For instance, large parts of Nashville were devastated by floods in 2010 after nearly 20 inches of rain fell in two days. Last year, parts of Colorado flooded after getting as much rain in a week as normally falls in a year. Just last week, widespread devastation occurred in the Florida Panhandle from rains that may have exceeded two feet in 24 hours.
The
new report emphasized that people should not expect global warming to
happen at a steady pace, nor at the same rate throughout the country.
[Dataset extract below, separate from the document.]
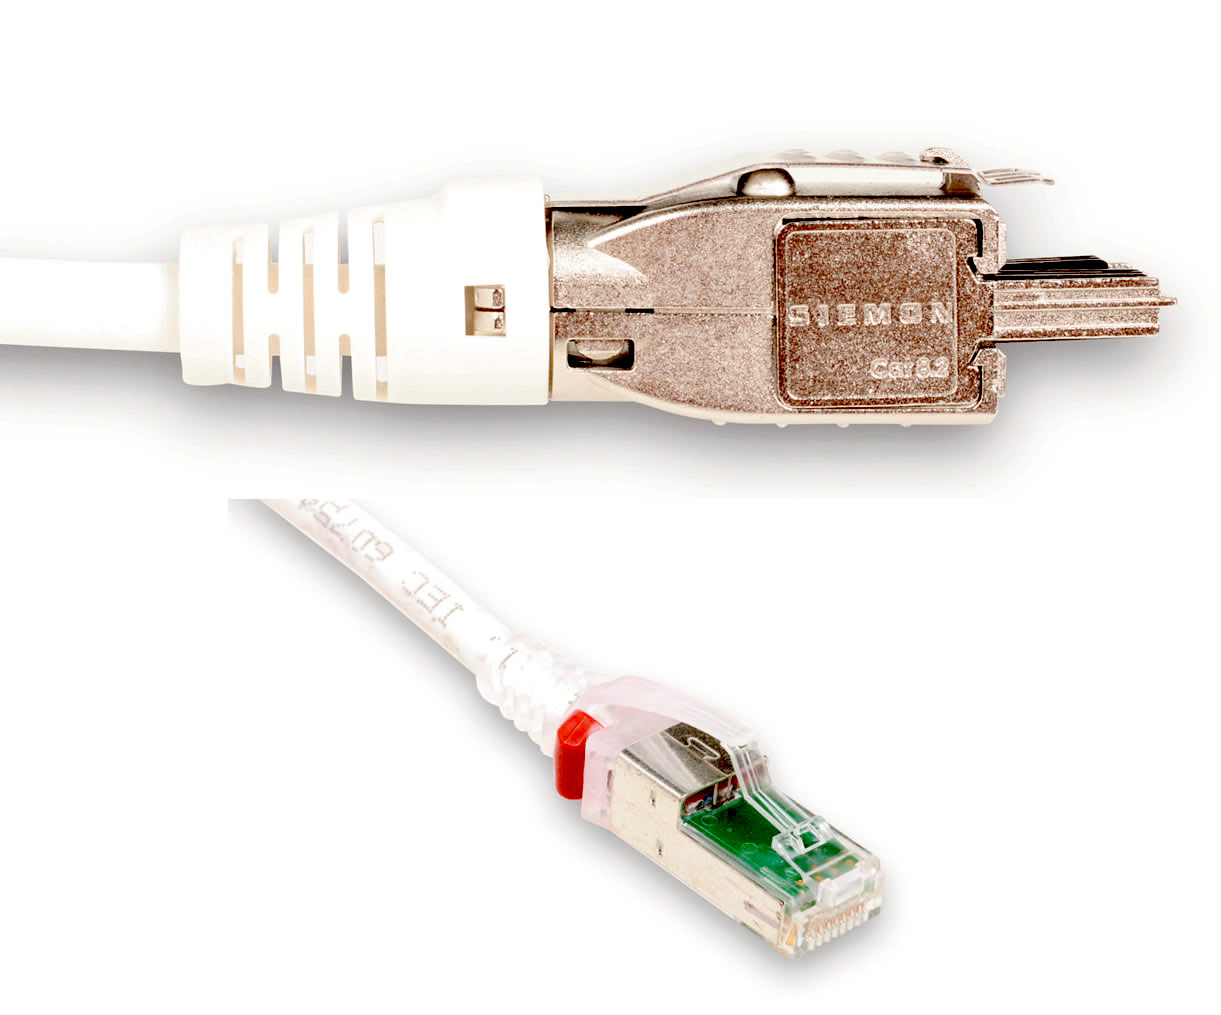 Automotive Connector and Cable Products: Siemon Interconnect Solutions’ TERA Category 8.2 Patch Cords

Bitterly cold winters will continue to occur, the report said, even as
they become somewhat less likely. Warming, too, will vary. While most of
the country has warmed sharply over the past century, the Southeast has
barely warmed at all, and a section of southern Alabama has even cooled
slightly.
The report cited the likely role of climate change in causing an outbreak
of mountain pine beetles that has devastated millions of acres of pine
forest across the American West and the Canadian province of British
Columbia; warmer winters and longer summers have let more of the beetles
survive and reproduce at an exponential rate. And the report warned of
severe, long-lasting heat waves. For instance, it cited research saying
the type of record-breaking heat that scorched Texas and Oklahoma in
2011 had become substantially more likely because of the human release
of greenhouse gases.
On rising sea levels, the new report went beyond warnings issued
in September by the United Nations Intergovernmental Panel on Climate
Change, which said that by the end of the century, sea levels could rise
by as much as three feet globally if emissions continue at a rapid
pace. The American scientists said the rise could be anywhere from one
to four feet, and added that six feet could not be ruled out. Along much
of the East Coast, the situation will be worse than the global average
because the land there is sinking, the scientists said.
Historically,
the United States was responsible for more emissions than any other
country. Lately, China has become the largest emitter over all, though
its emissions per person are still far below those of the United States.
The
report pointed out that while the country as a whole still had no
comprehensive climate legislation, many states and cities had begun to
take steps to limit emissions and to adapt to climatic changes that can
no longer be avoided. But the report found that these efforts were
inadequate.
“There
is mounting evidence that harm to the nation will increase
substantially in the future unless global emissions of heat-trapping
gases are greatly reduced,” the report warned.
Correction: May 6, 2014
An earlier version of a picture caption with this article
misidentified a town where overflow from the South Platte River in
Colorado submerged cars. It is Greeley, Colo., not Greenley.